La legge SarbanesOxley contro i reati finanziari approvata l'anno scorso con le sue severe pene di carcere sta incentivando molti manager a confessare. Le denunce all'autorità giudiziaria fioccano, i pentiti parlano in fretta. Questo fa apparire alla luce del sole molti scandali, dando l'impressione di una cancrena dilagante: in realtà è l'operazione-pulizia che avanza. Nei casi meno complessi e più recenti, le incriminazioni arrivano a gran velocità: i top manager di HealthSouth sono stati meno fortunati dei loro colleghi della Enron.
Ma un altro malcostume che continua imperterrito, come se gli scandali fossero stati inutili, sono le maxiliquidazioni per i dirigenti aziendali incapaci e perfino per i disonesti. Ogni settimana la cronaca offre nuovi spunti all'indignazione dei dipendenti e dei piccoli azionisti. Tra i casi più recenti c'è Richard Brown, cacciato dalla società informatica texana Electronic Data Systems: sotto la sua gestione la capitalizzazione dell'azienda è crollata del 75%. Come ricompensa, Brown ha ricevuto una liquidazione da amministratore delegato di 32 milioni di dollari. Non se l'è cavata male neanche Richard Kogan, chief executive della casa farmaceutica ScheringPlough: lui oltre al crollo del titolo ha anche sulle spalle un'indagine della Sec, eppure se n'è andato con 26,4 milioni di dollari di buonuscita.

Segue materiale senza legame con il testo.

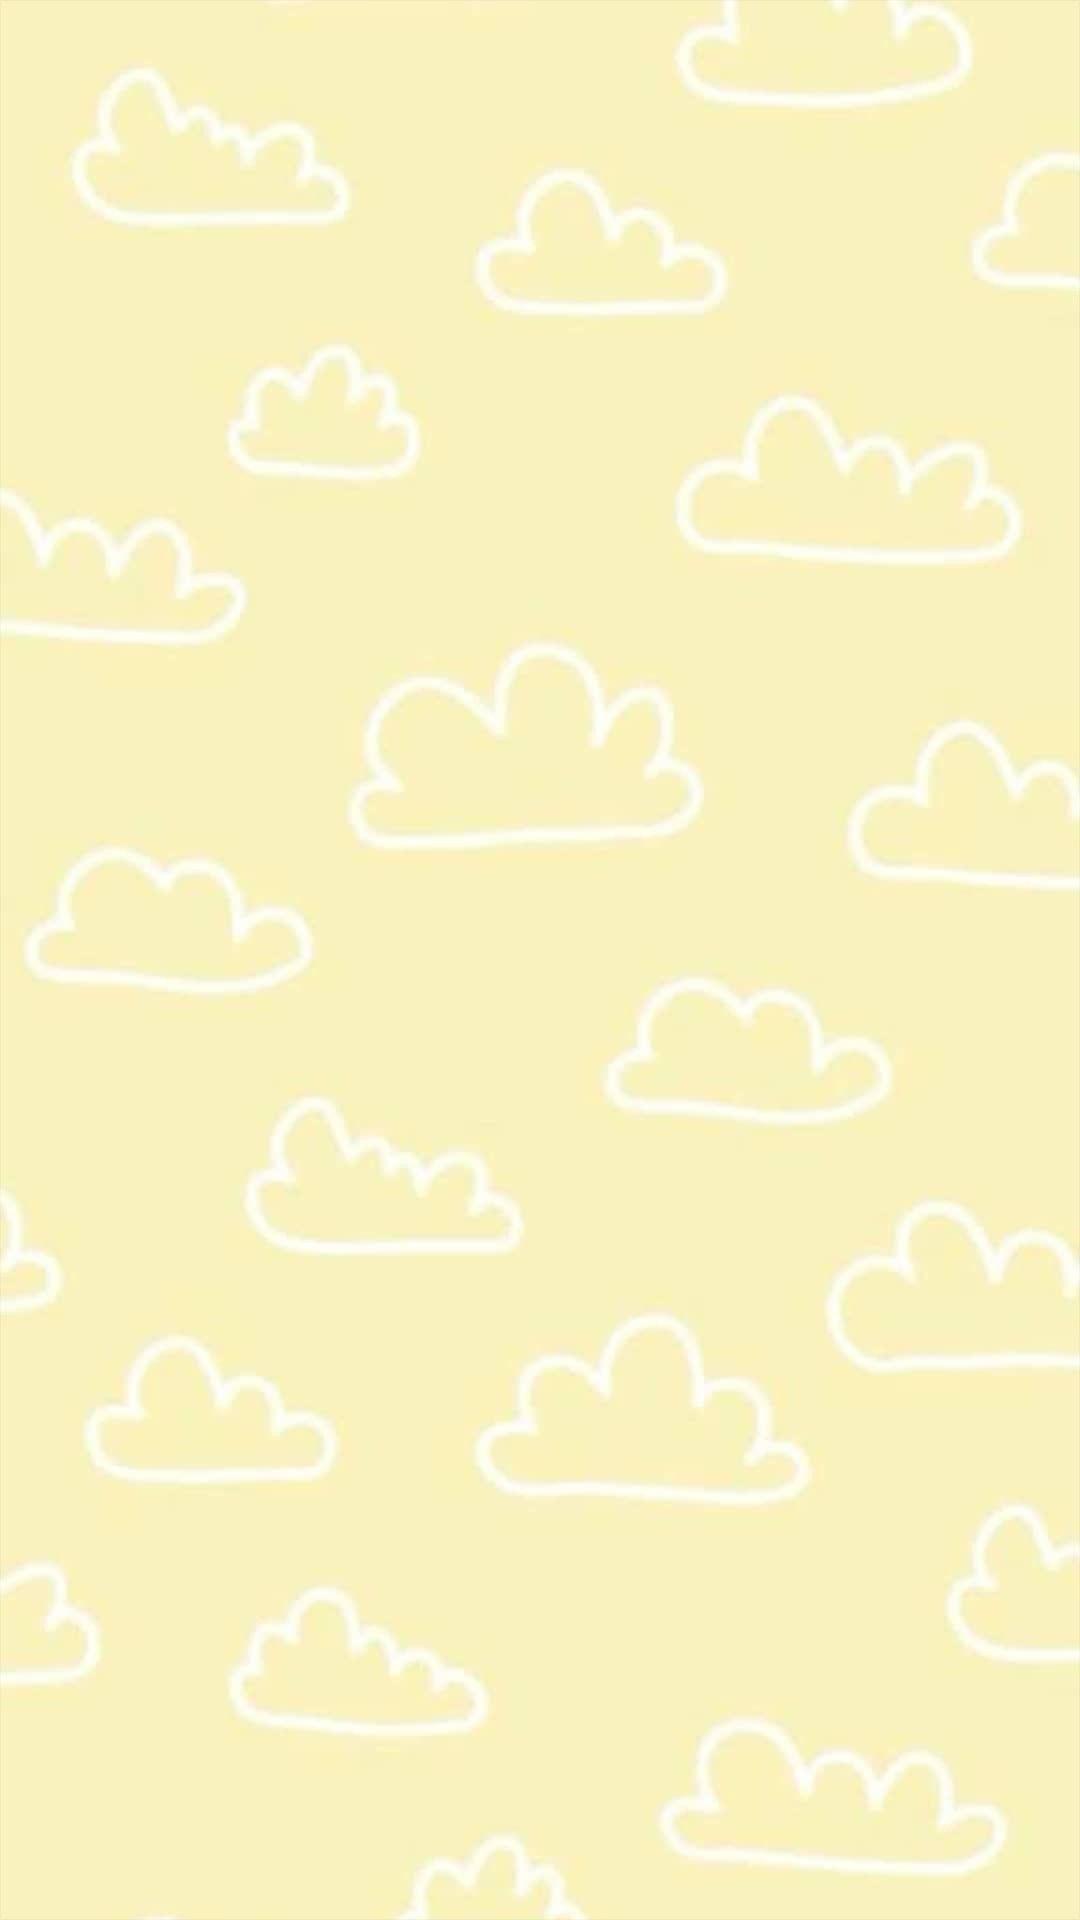 Cute Aesthetic Patterns : aesthetic, patterns, Aesthetic, Pattern, Wallpapers, Backgrounds, WallpaperAccess
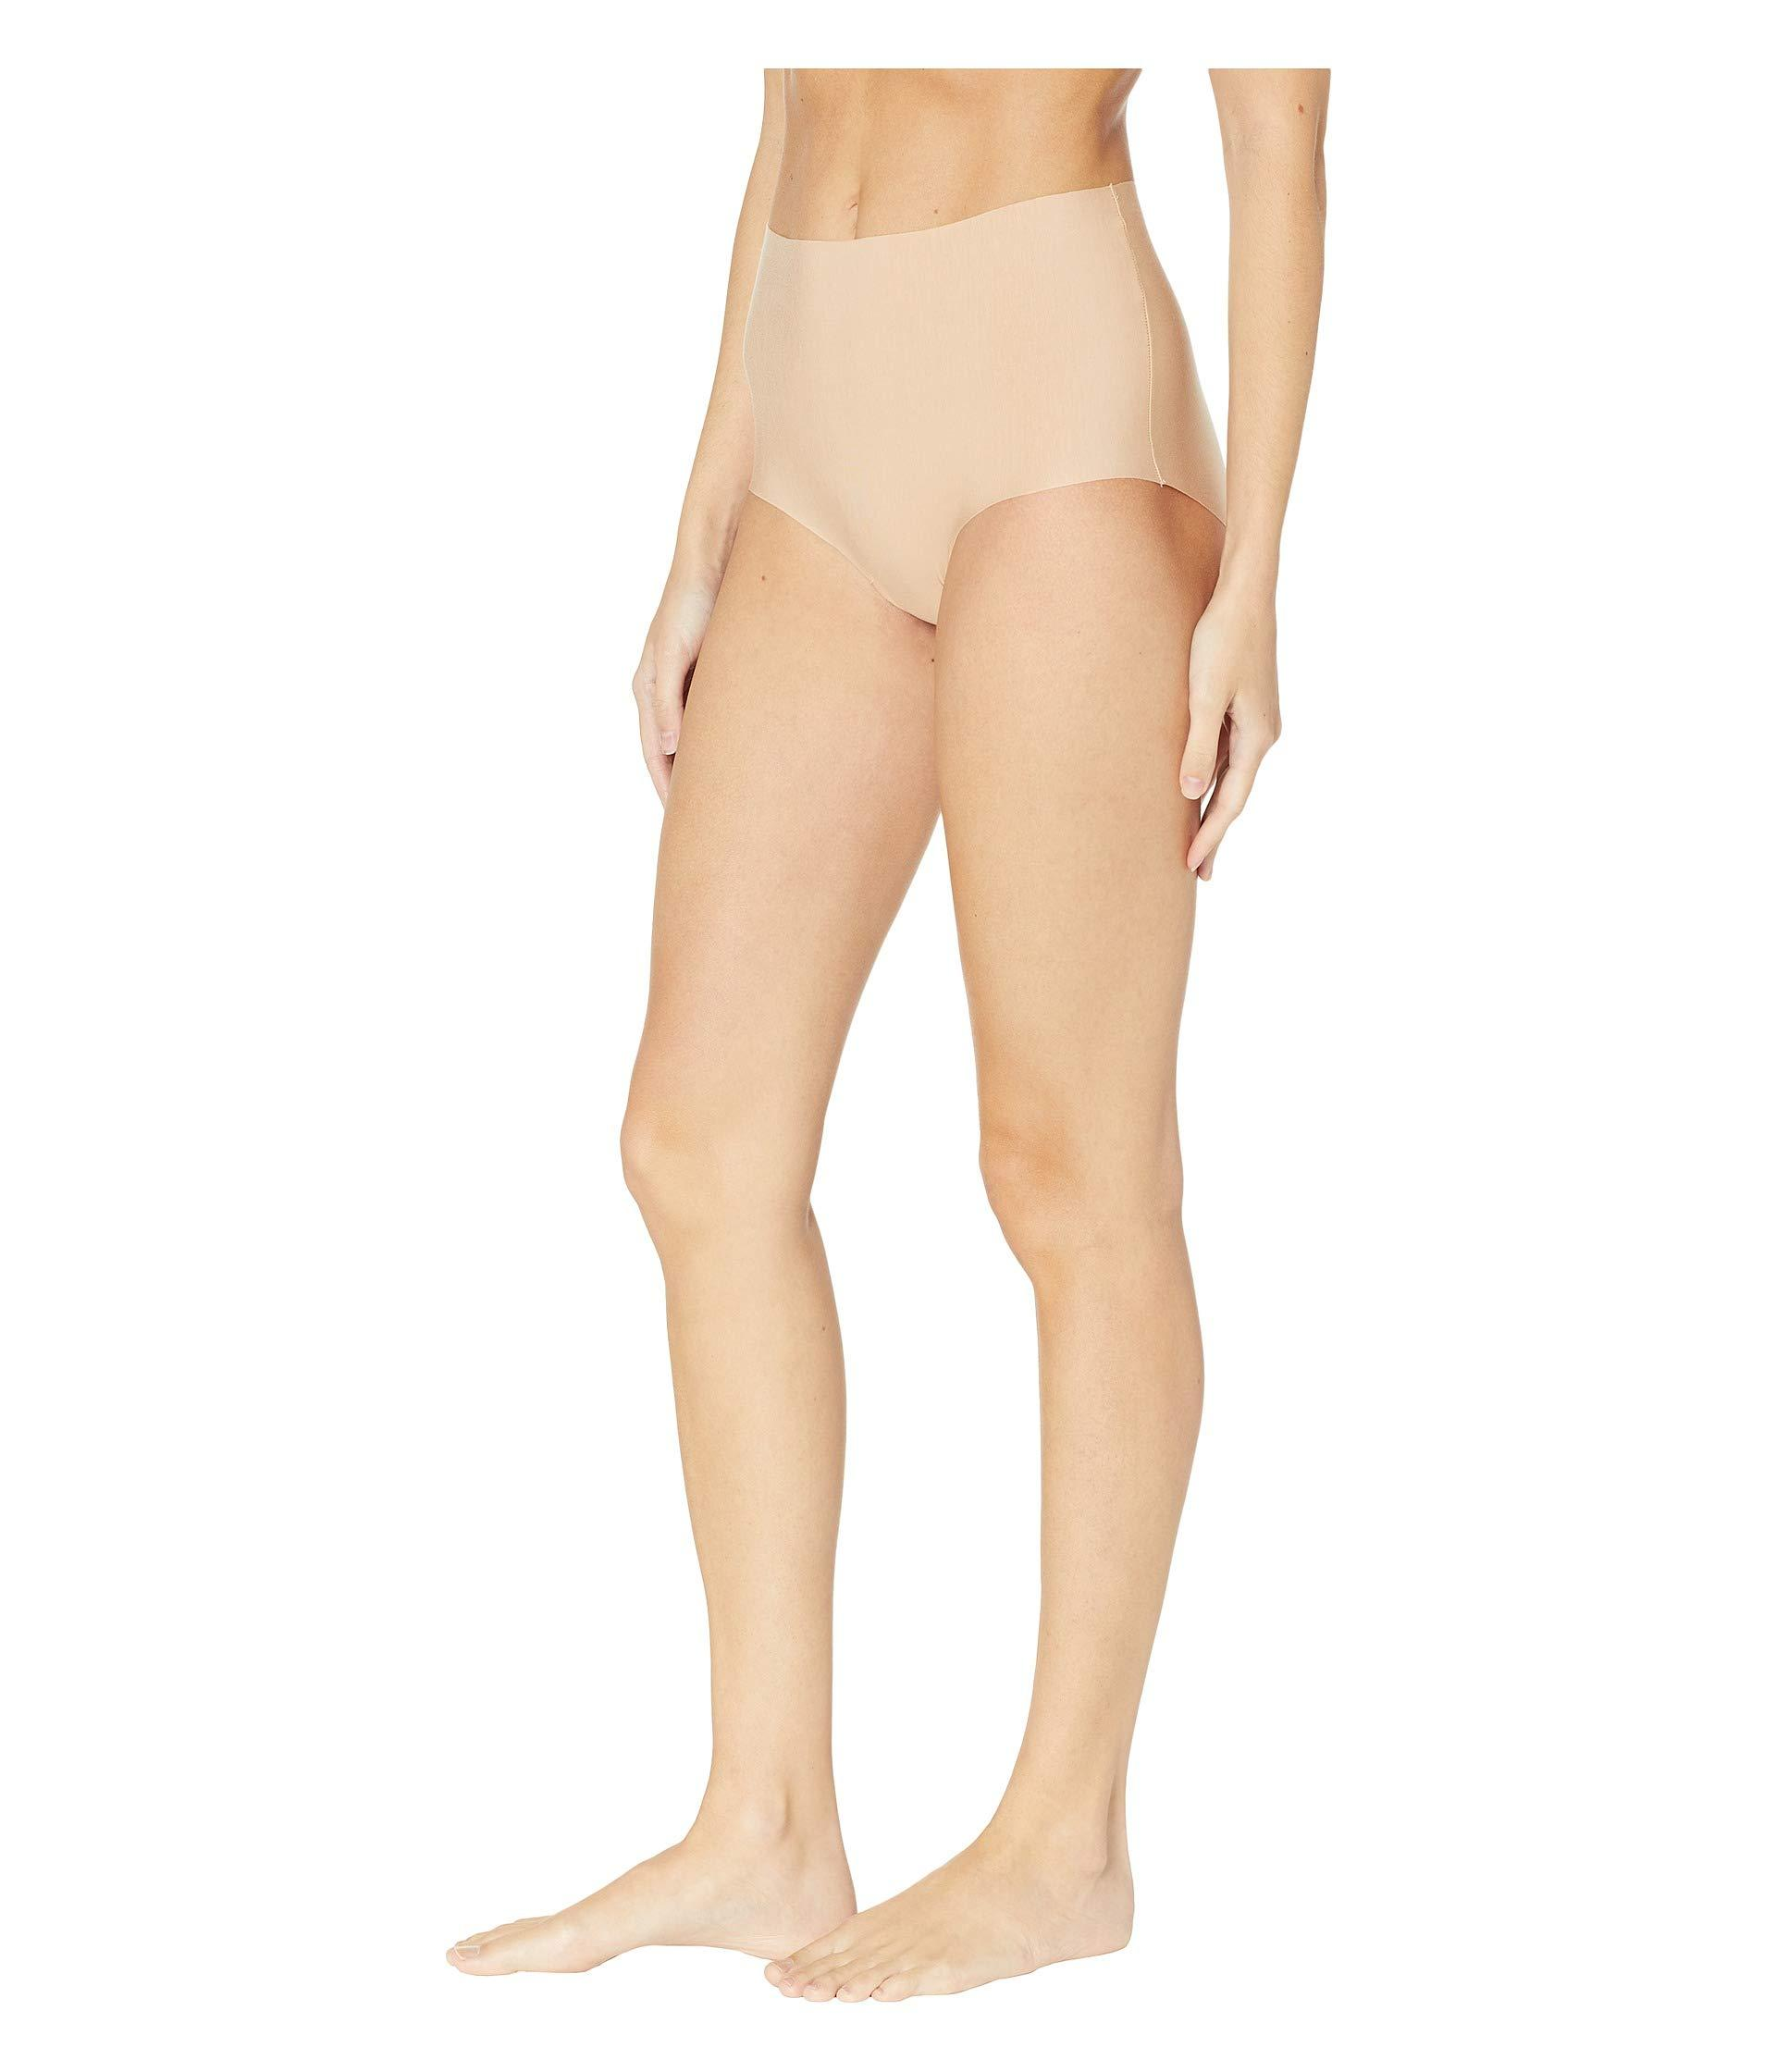 1369583df596 Lyst - Commando Butter High-rise Panty Hrp04 (beige) Women's Underwear in  Natural

Un anno fa il capitalismo americano era sotto shock per l'effetto-Enron e per tutto il marcio che si sospettava dietro quello scandalo. Il crollo di fiducia nei conti delle imprese, del sistema bancario, degli analisti, degli organi di vigilanza, faceva parlare giustamente di una crisi sistemica. Poi si è visto che i sospetti erano perfino al disotto della realtà (il marcio era ancora più diffuso) ma che gli anticorpi erano entrati in azione: la magistratura faceva il suo dovere, il Congresso varava leggi più severe, le authority cambiavano vertici (vedi Sec) per rimediare agli errori del passato. Oggi purtroppo il marcio c'è sempre, e come i virus mutanti sembra aver sviluppato una inquietante capacità di resistenza verso l'azione degli anticorpi.


Nota: il contenuto del documento deve essere interpretato in relazione al periodo in cui è stato redatto.